** Opening Working data block **

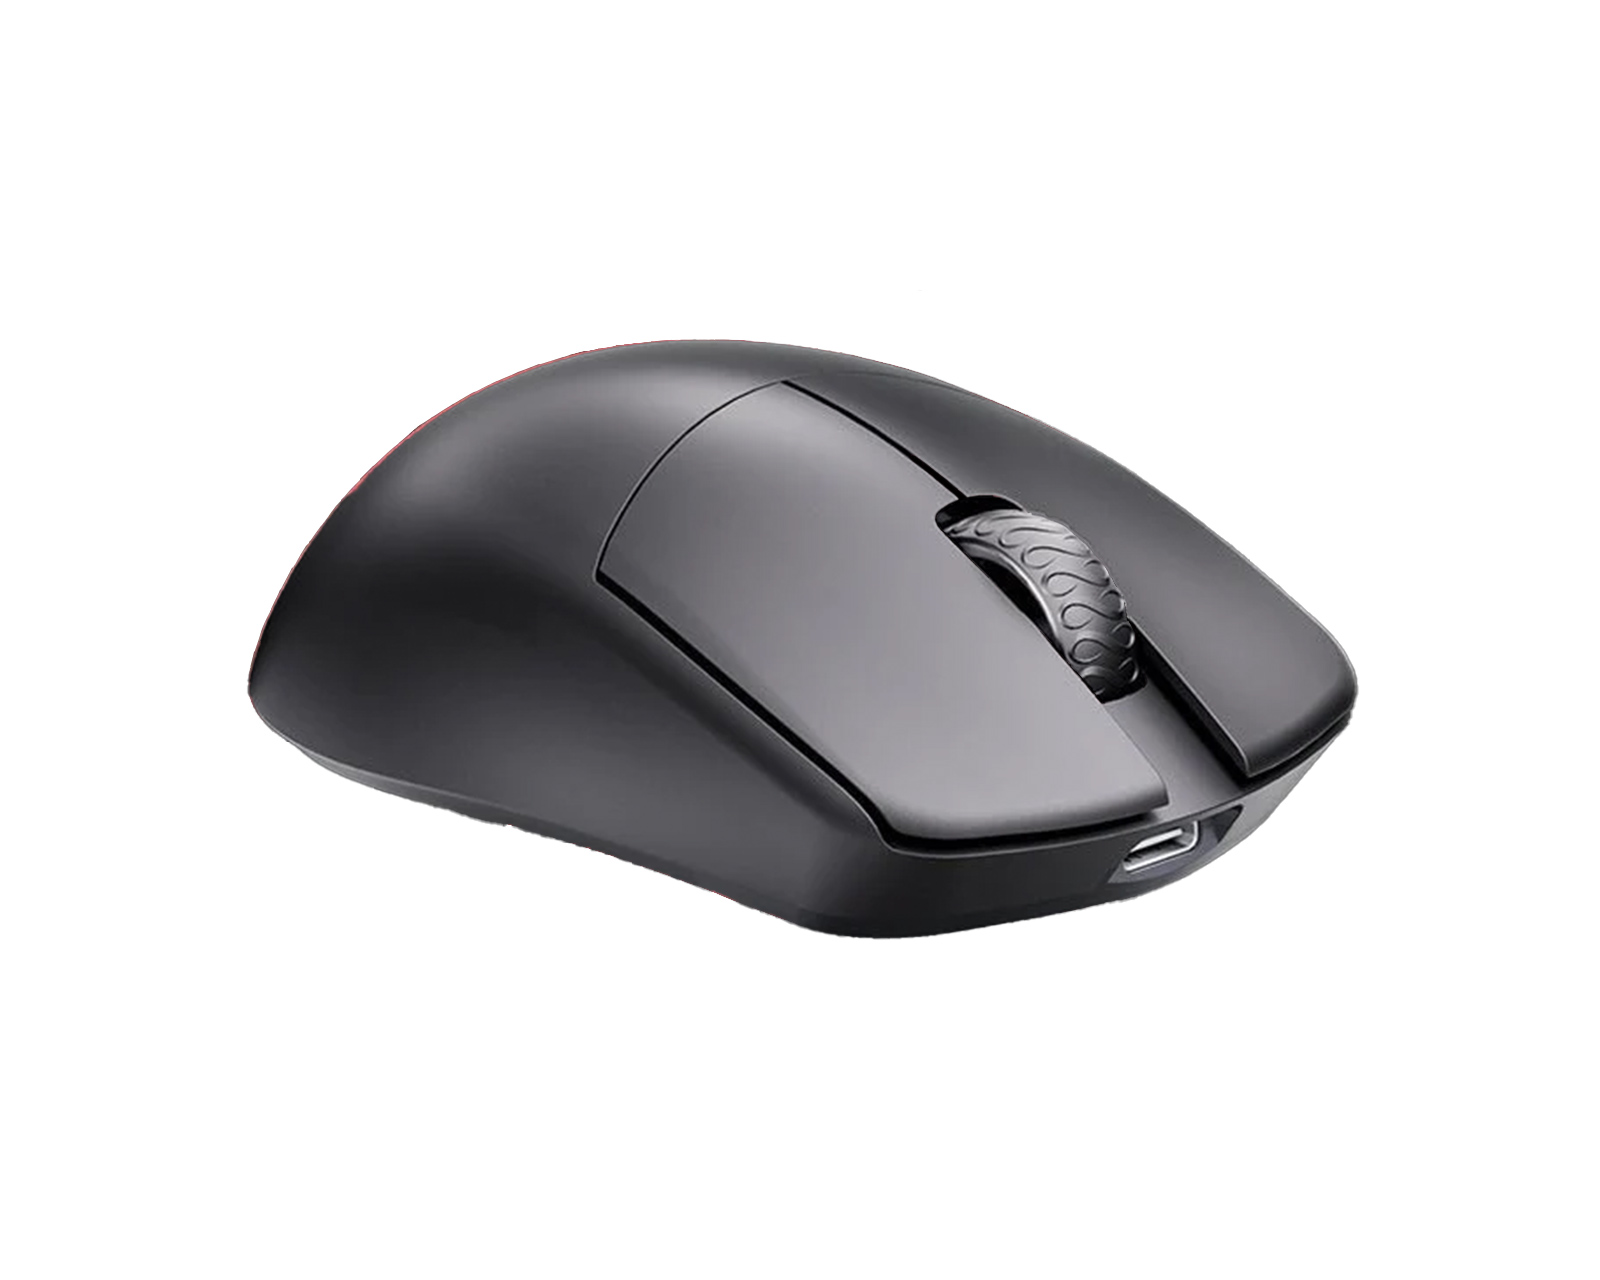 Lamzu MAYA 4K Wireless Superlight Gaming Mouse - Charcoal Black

** Closing Working data block **
** Opening Working data block **

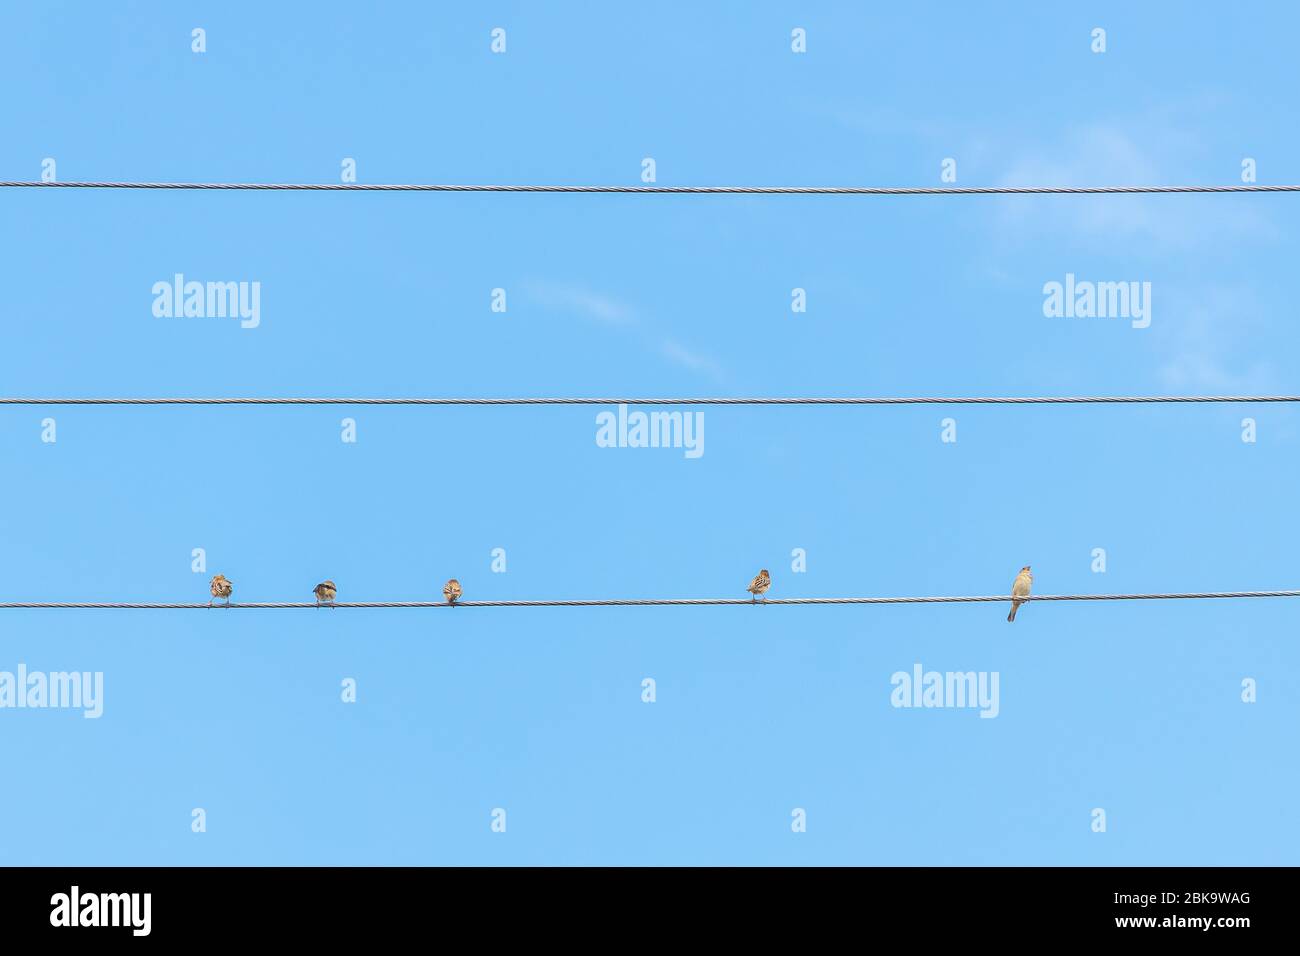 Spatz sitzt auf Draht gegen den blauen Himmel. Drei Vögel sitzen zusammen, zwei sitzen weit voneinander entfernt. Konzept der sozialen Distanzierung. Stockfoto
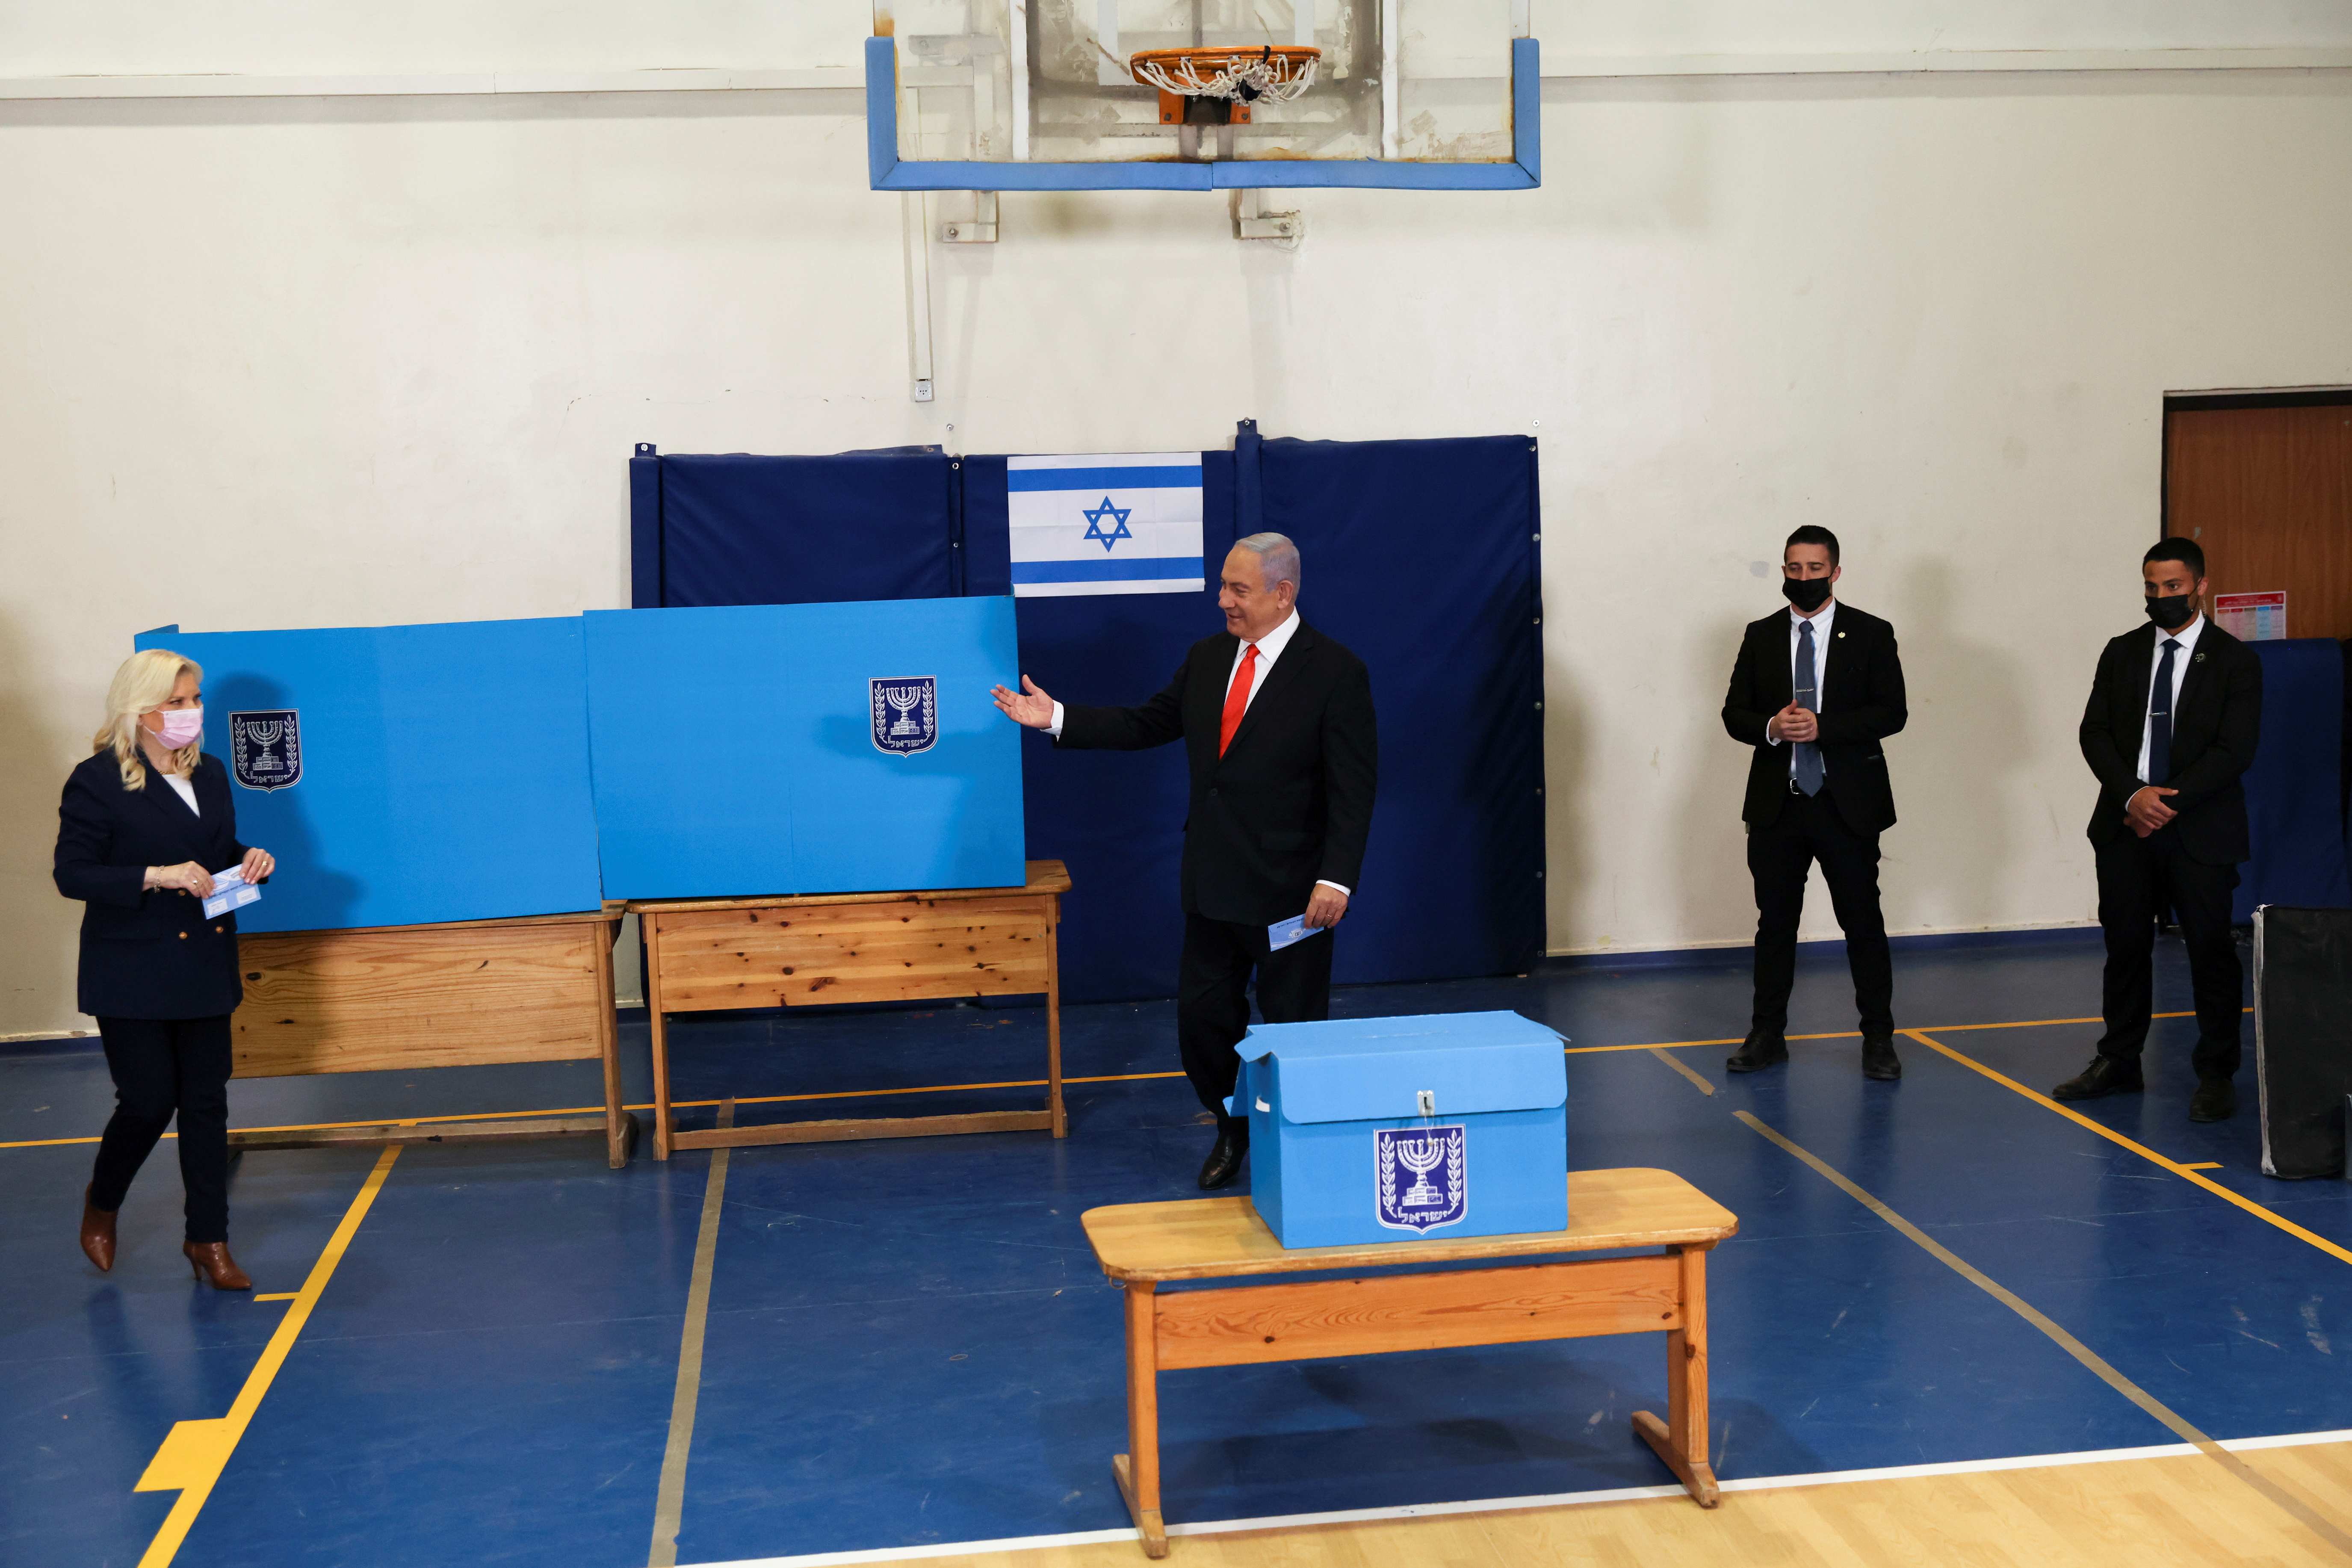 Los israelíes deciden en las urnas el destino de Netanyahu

** Closing Working data block **

* _Try it_: For this exercise, set down the lines in the entries above from the one with "Spatz sitzt auf" through the one with "Los israelíes deciden" exactly as written, without any pictures.

* _Answer box_:
 Spatz sitzt auf Draht gegen den blauen Himmel. Drei Vögel sitzen zusammen, zwei sitzen weit voneinander entfernt. Konzept der sozialen Distanzierung. Stockfoto
 Los israelíes deciden en las urnas el destino de Netanyahu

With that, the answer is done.